The task.
When a line contains the string "with", it counts once; give the total of such lines in the entries below and nothing else.
#### Listed records ####
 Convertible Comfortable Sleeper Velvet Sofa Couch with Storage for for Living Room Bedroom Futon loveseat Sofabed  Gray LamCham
####
#### Listed records ####
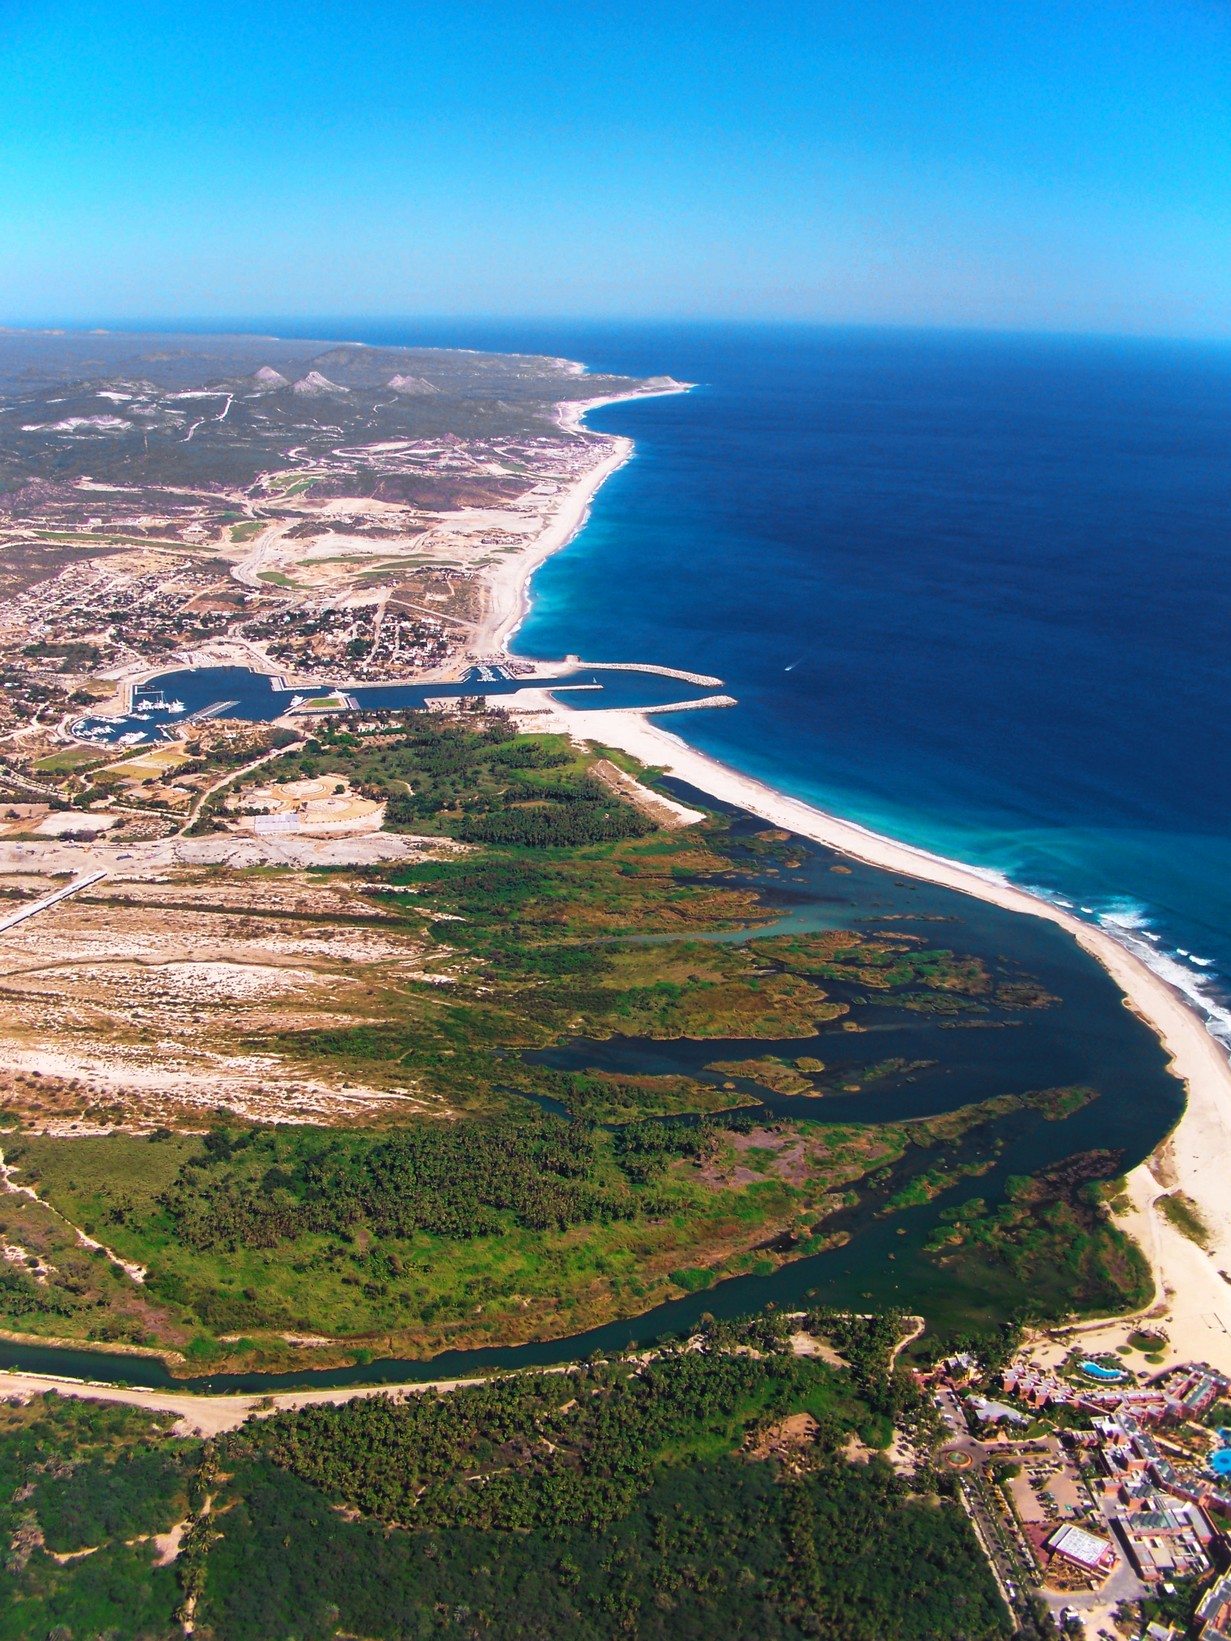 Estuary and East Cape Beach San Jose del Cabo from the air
####
#### Listed records ####
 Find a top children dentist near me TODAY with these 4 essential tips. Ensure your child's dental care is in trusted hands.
####
Written answer.
2